Another extended BSD licence :-/

2010-08-17 Thread Simon Richter
Hi,

I have been asked to provide packages for a small piece of software that
uses this licence:

This software is provided 'as-is', without any express or implied
warranty.  In no event will the authors be held liable for any damages
arising from the use of this software.

Permission is granted to anyone to use this software for any purpose,
including commercial applications, and to alter it and redistribute it
freely, subject to the following restrictions:

1. The origin of this software must not be misrepresented; you must not
   claim that you wrote the original software. If you use this software
   in a product or c64-release, an acknowledgment in the product 
   documentation or credits would be appreciated. Or beer!
2. Altered source versions must be plainly marked as such, and must not be
   misrepresented as being the original software.
3. This notice may not be removed or altered from any source distribution.
4. If you alter this software and release it, you must also provide the
   source. You may not turn this into yet-another-windows-only-c64-
   software. The software's platform independance and portability must
   be maintained, no x86-only assembly code (unless there's also a plain
   C version of it), no Windows-only API shit. If you violate this,
   pestilence shall come upon you, and DeeKay shall come to your house 
   and format your harddrive to install Linux. Your C64 will be
   confiscated and you will be forced to use a Sinclair Spectrum ZX81 
   to do all your coding - with its shitty membrane keyboard!
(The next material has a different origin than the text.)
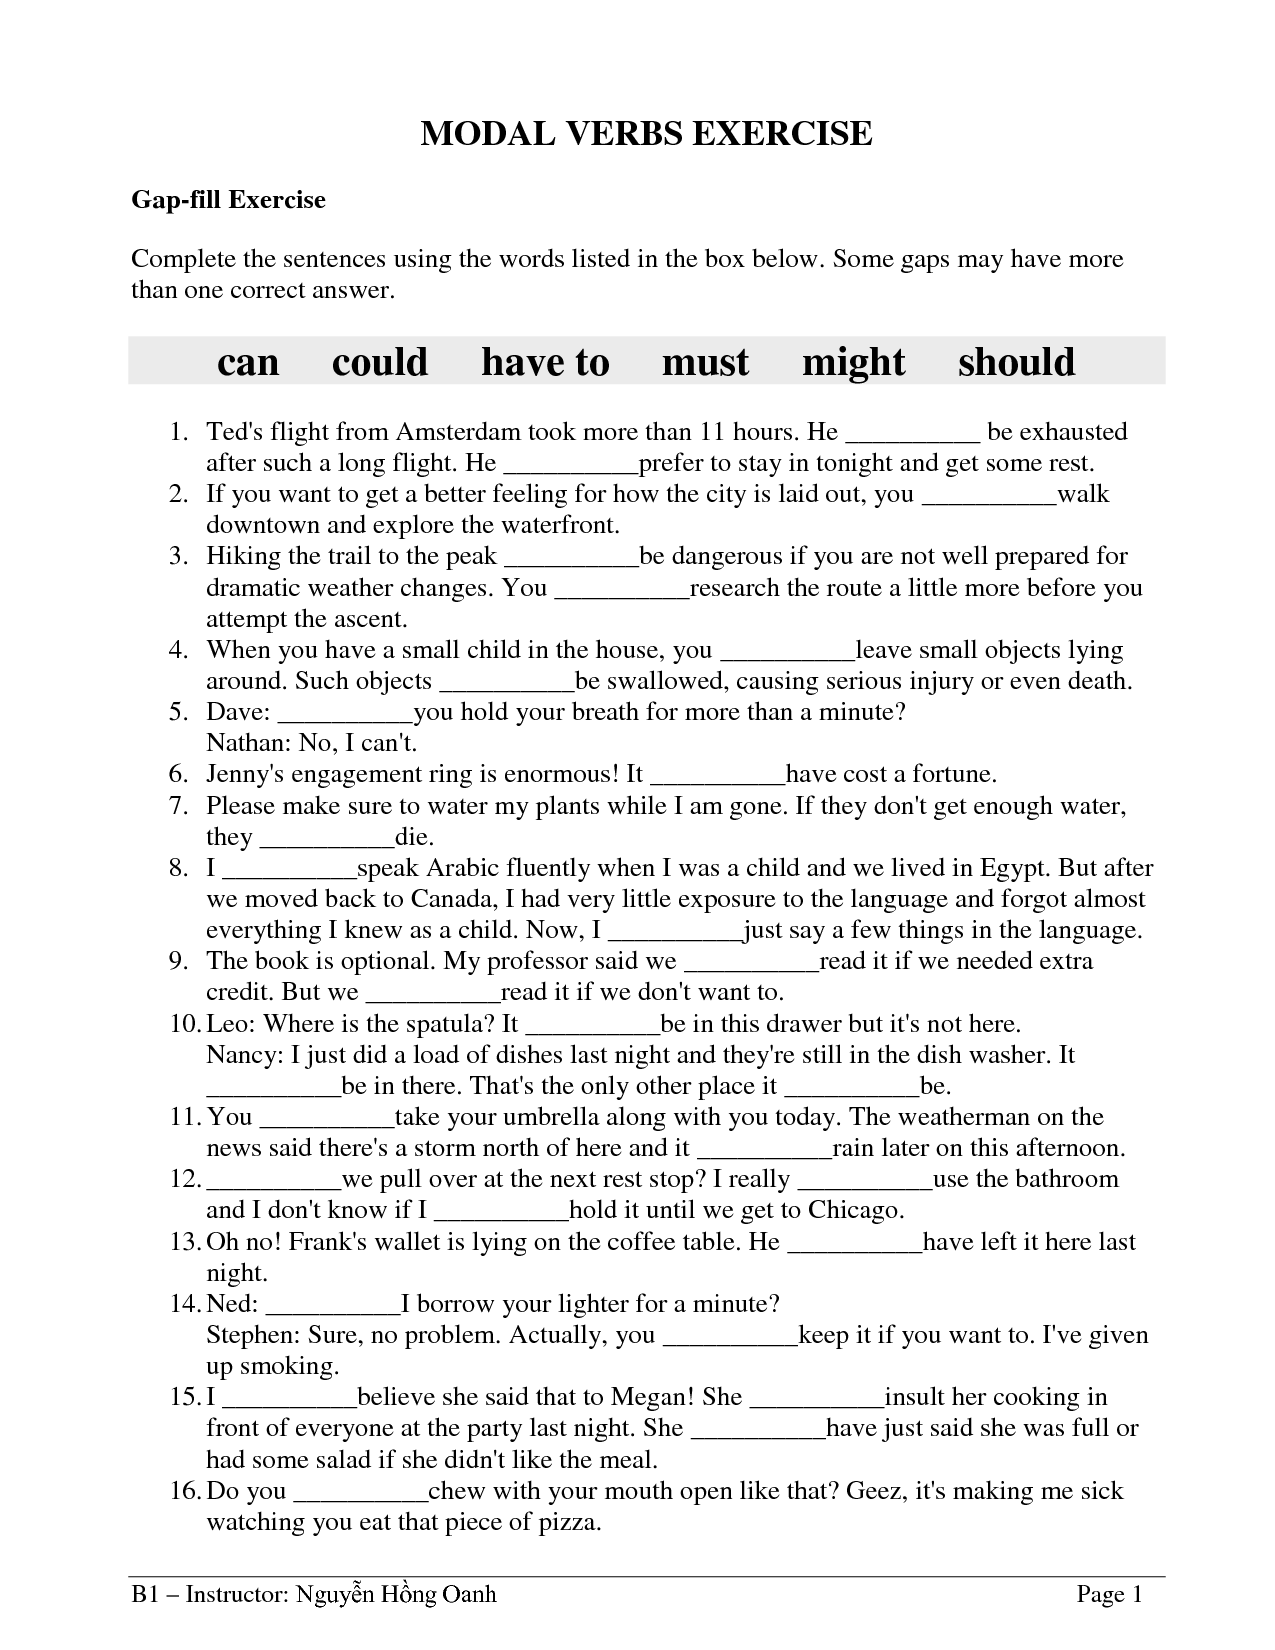 Modal Verbs Worksheets For Grade Worksheetpedia My XXX Hot Girl

The first three paragraphs look like a BSD licence to me, paragraph four
is a personal rant from the authors. Apart from the obvious (remove
everything following "no x86-only assembly code..."), what else would be
needed to make this a valid licence suitable for inclusion into
non-free?

I can see:

 - it is not specified to whom you need to provide source
 - "You may not turn this..." would be implied in the next sentence
 - the bit about portability is pretty vague.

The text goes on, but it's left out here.